Звери в моей постели - Даррелл Джеки. Страница 11

Еще одной дивной привычкой наших испанских и португальских друзей было разбрасывание на палубе апельсиновых корок и прочего мусора, коему по правилам надлежало отправляться за борт. Пользоваться ванными было невозможно – они вечно выглядели так, точно в них только что искупался линяющий медведь-гризли.

Несмотря на эти мелкие изъяны, нам было очень весело в компании с нашими попутчиками. Каждый вечер они пели под гитару и танцевали, и мы отлично ладили, хотя не понимали друг друга. Теперь я понимаю, что мне представился отличный случай познать испанский и португальский темперамент; заодно я выучила несколько обиходных испанских фраз, что нам очень пригодилось, когда мы покинули пределы Буэнос-Айреса. Словом, я чувствовала себя великолепно, но бедный Даррел не уставал жаловаться на скверную каюту и отвратительное питание.

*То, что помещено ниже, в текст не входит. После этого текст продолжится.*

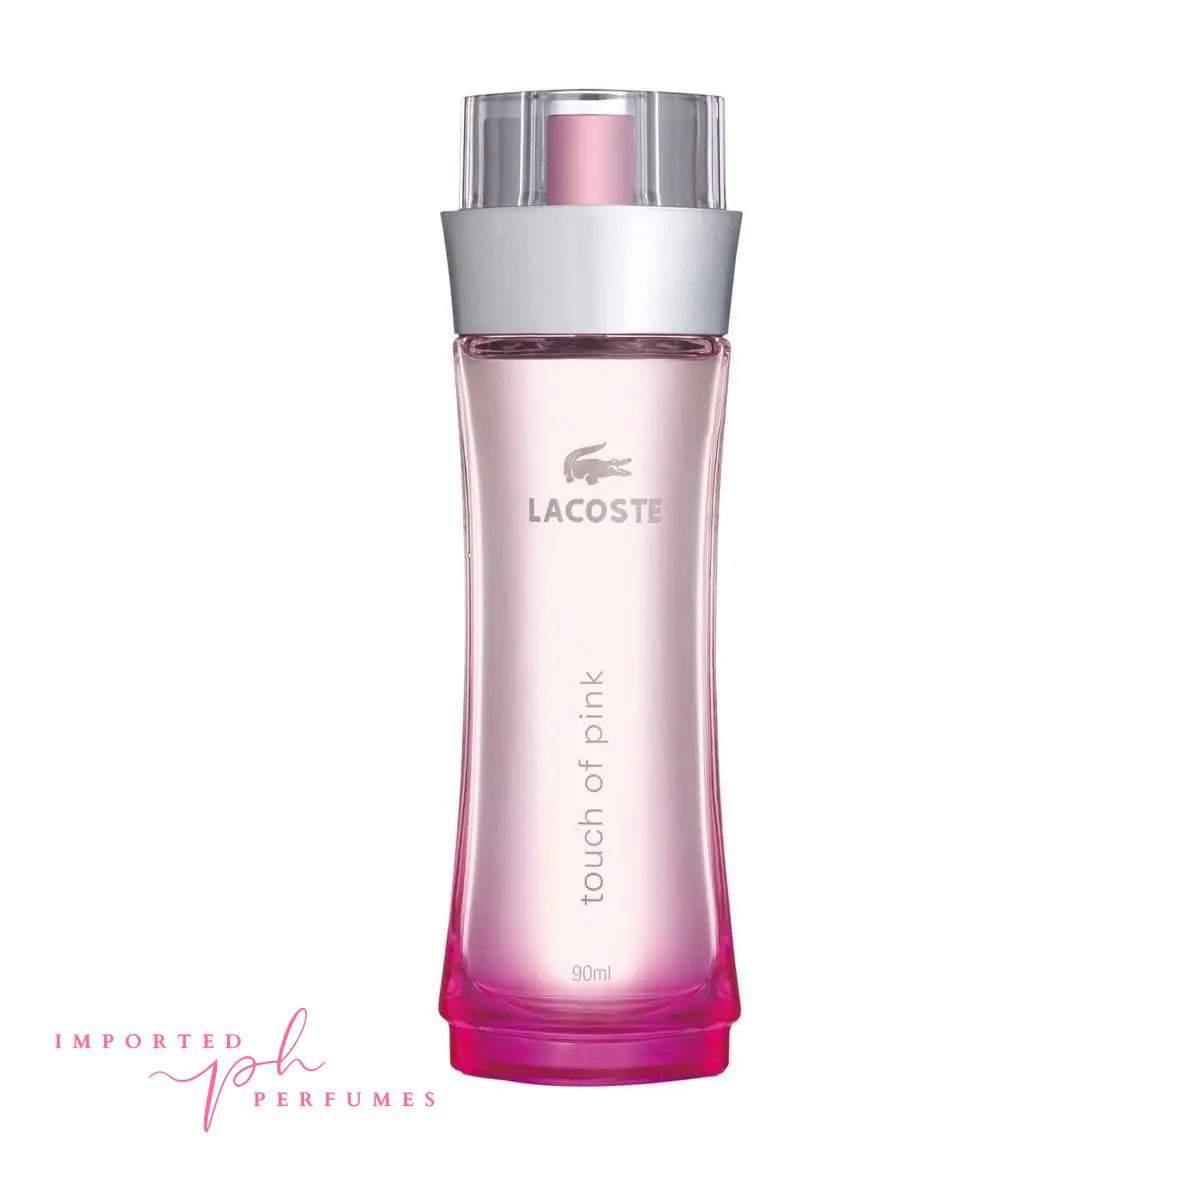 Lacoste Touch of Pink Eau de Toilette For Women 90ml-Imported Perfumes Co-Lacoste,pink,touch of pink,women

Мы побывали в чудесных местах – рыбный порт Виго в Испании; красавец Лиссабон с его старинными зданиями и небесно-синей черепицей; Канарские острова с их коробейниками и дешевым испанским бренди; Ресифе в Северной Бразилии, с потрескавшимися небоскребами в окружении буйной ползучей флоры и с множеством красивейших женщин; Рио с его мозаичными мостовыми, настырным визгом автомобильных гудков и диковинной горой, напоминающей сахарную голову; кофейный порт Сантос – ворота величественного Сан-Паулу, самого большого (тогда) города Бразилии; убогий и приветливый Монтевидео с могилой "Графа Шпее"; оттуда – вверх по грязной Рио-де-ла-Плата к возвышающимся над утренней дымкой очертаниям зданий Буэнос-Айреса, где наступил конец терзаниям Даррела.

В разгар прощания с Пирсами в коридоре перед нашими каютами нас грубо прервал раскрасневшийся молодой член команды, за которым следовал по пятам элегантно одетый мужчина, похожий на американскую кинозвезду Адольфа Менжу.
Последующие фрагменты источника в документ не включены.